Looks the same right? Well, it has both 16TMUs and 16 ROPs. And quite frankly, these were overkill for the device. So much for such a tiny package.
Now here is where the assumption starts, Ampere and Lovelace both have 16ROPs
per GPC for all the cards except their data center cards who have
24 ROPs per GPC.
Unless they changed it themselves in the Ampere/Lovelace implementation for Drake, this is the same ROP for these clock frequencies:
@ 307.2 MHz: (16*307.2)/1000= 4.915GPixel/s
@ 384 MHz: (16*384)/1000= 6.144GPixel/s
@ 460 MHz: (16*460)/1000= 7.36GPixel/s
@ 768 MHz: (16*768)/1000= 12.29GPixel/s
and if we entertain higher clock speeds, then it is this:
@ 921 MHz: 14.736GPixel/s
@ 1267 MHz: 20.272GPixel/s
(Note: More does not necessarily mean better, there is such a thing as a "waste" if it is not necessary to have so much)
For the TMU it's not really as simple, Maxwell in the switch has 16TMUs for the one GPC, but in Ampere it seems like across the whole stack it ranges from 32 at the lower end per GPC and 48 TMUs per GPC at the higher end. So, considering that this is more likely akin to the lower stack of ampere I will assume it has 32TMUs, unless it was changed for reasons unbeknownst to us.

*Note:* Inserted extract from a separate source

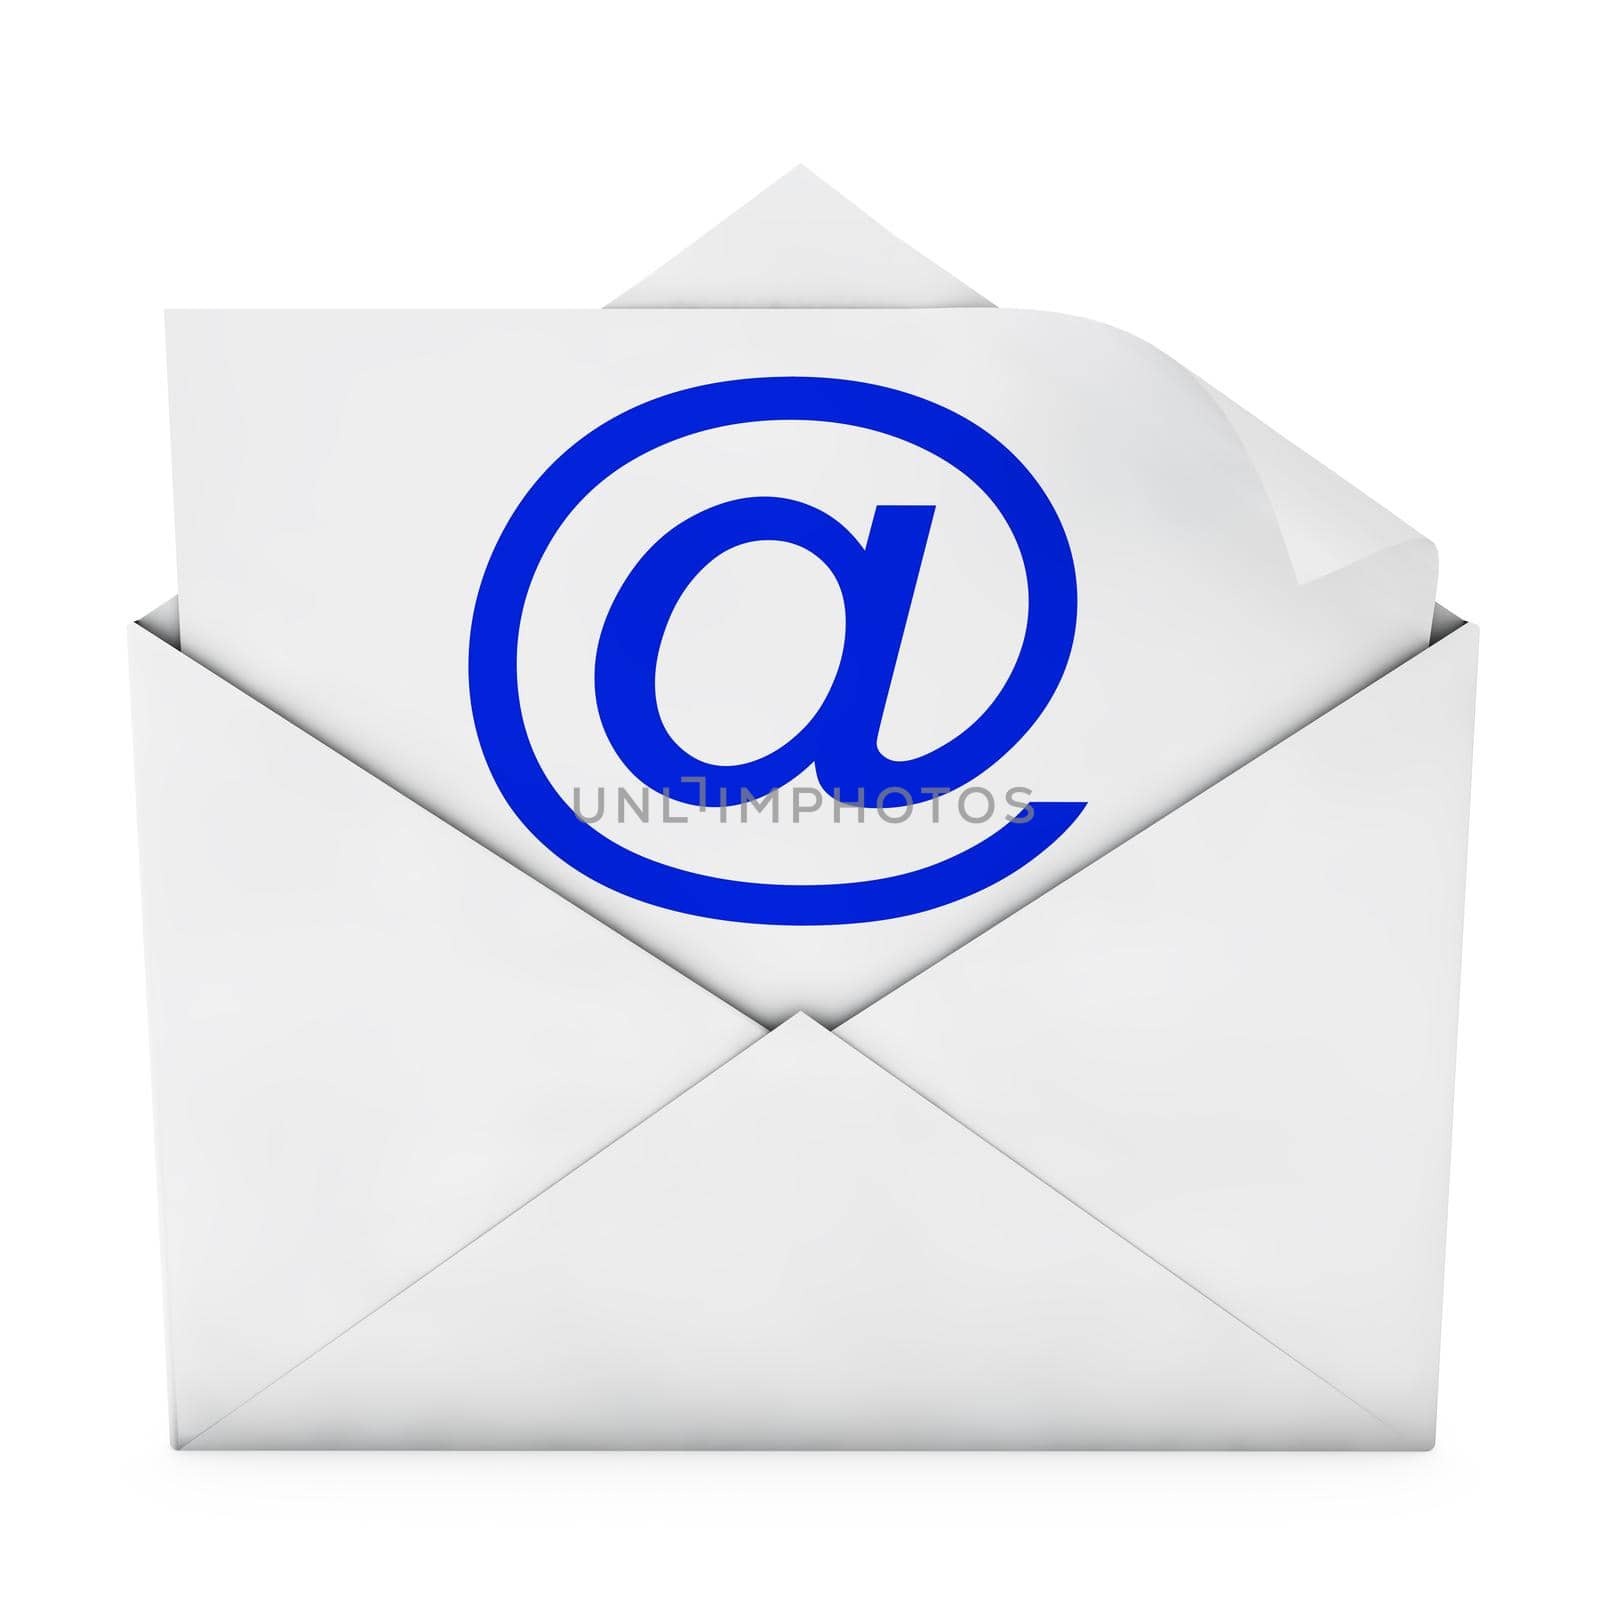 envelope with a sheet of paper which depicts email sign

So it would look like this for the TMU:
@ 307.2 MHz: (32*307.2)/1000= 9.83GTexel/s
@ 384 MHz: (32*384)/1000= 12.29GTexel/s
@ 460 MHz: (32*460)/1000= 14.72GTexel/s
@ 768 MHz: (32*768)/1000= 24.576GTexel/s
for the ones curious on higher clocks:
@ 921 MHz: 29.472GTexel/s
@ 1267 MHz: 40.544GTexel/s
What can I conclude about this? Well, the pixel filtrate will likely stay the same, but the texel rate will double going from the Switch to the Drake model in both portable and docked mode. A healthy level of growth there if I do say so myself
Here's just a brief comparison to the other consoles:
XBox ONE: 48TMUs/16ROPs @ 853MHz gives us 13.65GPixel/s and 40.94GTexel/s
XBox ONE S: 48TMUs/16ROPs @ 914MHz gives us 14.62GPixel/s and 43.87GTexel/s
XBox ONE X: 160TMUs/32ROPs @ 1172MHz gives us 37.50GPixel/s and 187.5GTexel/s
XBox Series S: 80TMUs/32ROPs @ 1565MHz gives us 50.08GPixel/s and 125.2GTexel/s
XBox Series X: 208TMUs/64ROPs @ 1825MHz gives us 116.8GPixel/s and 379.6GTexel/s
PlayStation 4: 72TMUs/32ROPs @ 800MHz gives us 25.60GPixel/s and 57.60GTexel/s
PlayStation 4 Pro: 144TMUs/32ROPs @ 911MHz gives us 29.15GPixel/s and 131.2 GTexel/s
PlayStation 5: 144TMUs/64ROPs @ 2233MHz gives us 142.9GPixel/s and 321.6GTexel/s
These:
XB1, PS4, XB1S, PS4 PRO, XB1X, can be compared with each other as they all use the same core architecture of GCN
These: XBSS, XBSX and PS5 can be compared with each other as they use RDNA2 (or its derivative)
Drake is a tricky comparison honestly, next to the AMD scenarios as Nvidia doesn't need as many to perform equally or better than their AMD equivalent.
Discuss.
The overall wattage for the system matters more. Perhaps for the OLED screen, it ended up having the same power draw as V2 because of the larger screen. There's a difference in max settings in battery life though.
the fan is more active on the OLED I presume since it is smaller and needs to work harder, but only in instances that are required.